Reinforcement Learning Chapter 4: Dynamic Programming (Part 4 — Asynchronous DP & Generalized Policy Iteration)
Chapter 4 Series:
- Part 1 — Policy Iteration
- Part 2 — Policy Iteration in Grid World
- Part 3 — Value Iteration
- Part 4 — Asynchronous DP & Generalized Policy Iteration
Code: https://github.com/nums11/rl
In the last few articles, we’ve learned about Dynamic Programming Methods and seen how they can be applied to a simple RL environment. In this article, I’ll discuss another modification to these algos and how DP plays a role in more advanced RL methods.
Summary
Thus far, we have learned 2 basic Dynamic Programming methods: Policy Iteration and Value Iteration.
Policy Iteration
- Starts with a state value function v and a policy π
- Iteratively evaluates v using the Bellman update for state value functions until v is an accurate representation of vπ
- Improves π by making it greedy with respect to v
- Repeats until convergence
Value Iteration
- Starts with a state value function v
- Iteratively evaluates and improves on v by making greedy expected updates — estimating the value of a state to be based on the action that will lead to maximal return
- Repeats until convergence. Once converged, the optimal policy is trivially derived from v
Asynchronous Dynamic Programming
A major drawback to the DP algo’s we’ve seen so far is that they require a sweep of the state set (looking at all of the next possible states before updating the value of one state).
- In some environments (e.g. backgammon with 10²⁰ states) this can be an infeasible approach
Asynchronous DP algorithms find many different ways to update the value of the current state without looking at all of the next possible states.

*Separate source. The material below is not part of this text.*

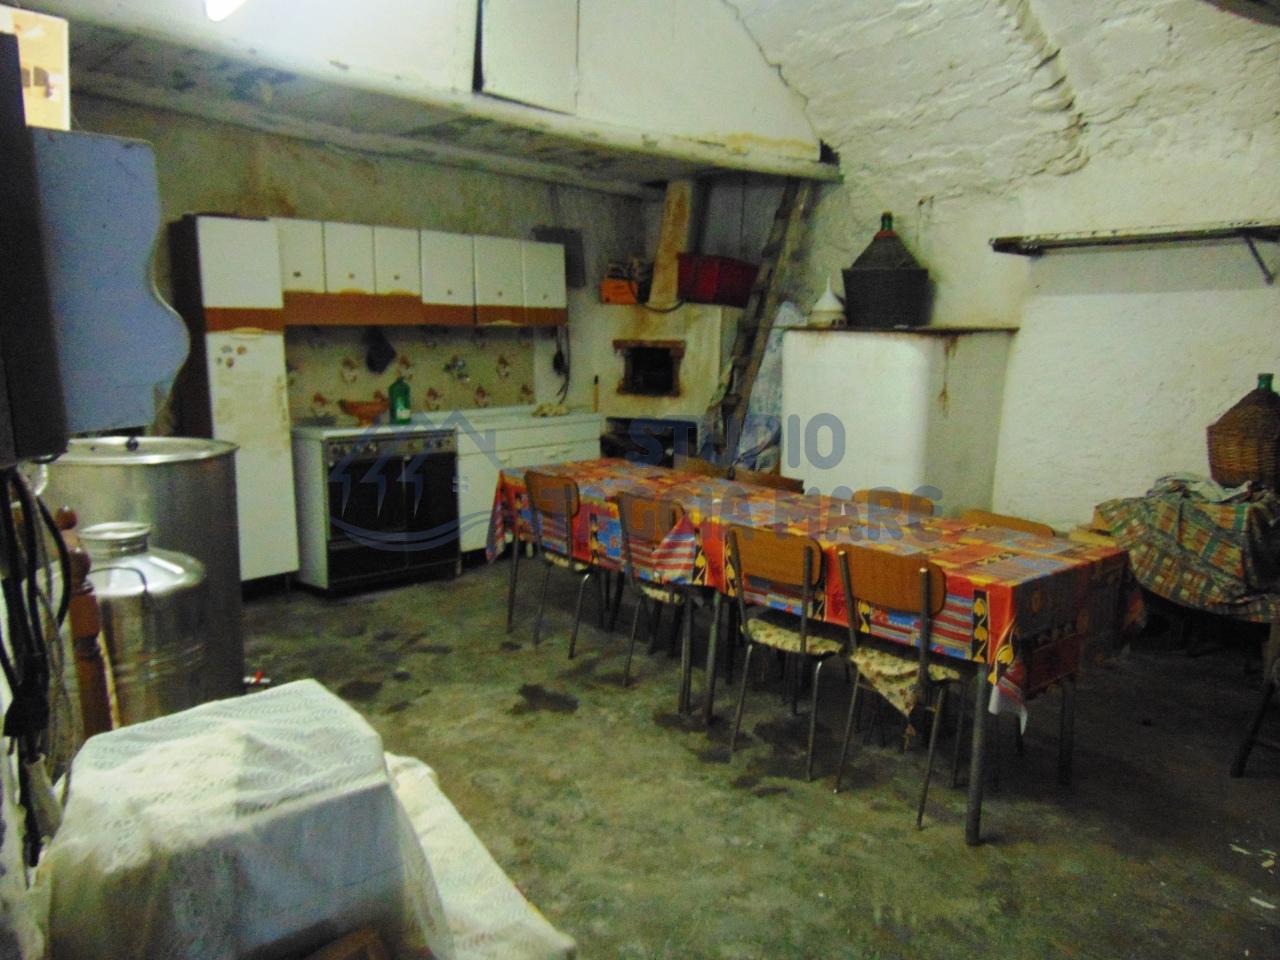 Appartamento in vendita a Taggia, 1 locali, prezzo € 20.000 | CambioCasa.it

- Could look at only one state before updating the current state value
- Could look at some number n states before updating the current state value
- Could update the value of some particular states multiple times before the value of other states are even updated once
Avoiding this sweep doesn’t mean that there is less computation but rather that the algorithm doesn’t need to get locked into a long sweep before it can make progress on improving a policy. The flexibility of asynchronous DP algorithms can allow an algorithm to progress substantially faster and in a more focused manner in environments with large state spaces.
Generalized Policy Iteration
Generalized Policy Iteration is used to describe the interaction between policy evaluation and policy improvement regardless of the granularity between them.
- In regular Policy Iteration, there is a clear separation of these 2 processes
- In Value Iteration, only a single iteration of policy evaluation is performed between each improvement
- In asynchronous DP methods, they can be interleaved at an even finer grain
Almost all RL methods are described as GPI — all have identifiable policies and value functions with the policies being improved with respect to the value functions and the value functions being driven to accurately represent the policy.
- When the processes stabilize — a policy is found that is greedy with respect to its own value function — then the Bellman Optimality Equation holds and q* and v* have been found
2 key components of DP methods are that they require a complete model of the environment and that they bootstrap — they update their estimates based on other estimates. In the next chapter, we take a look at some other methods that don’t bootstrap nor require a complete model of the environment.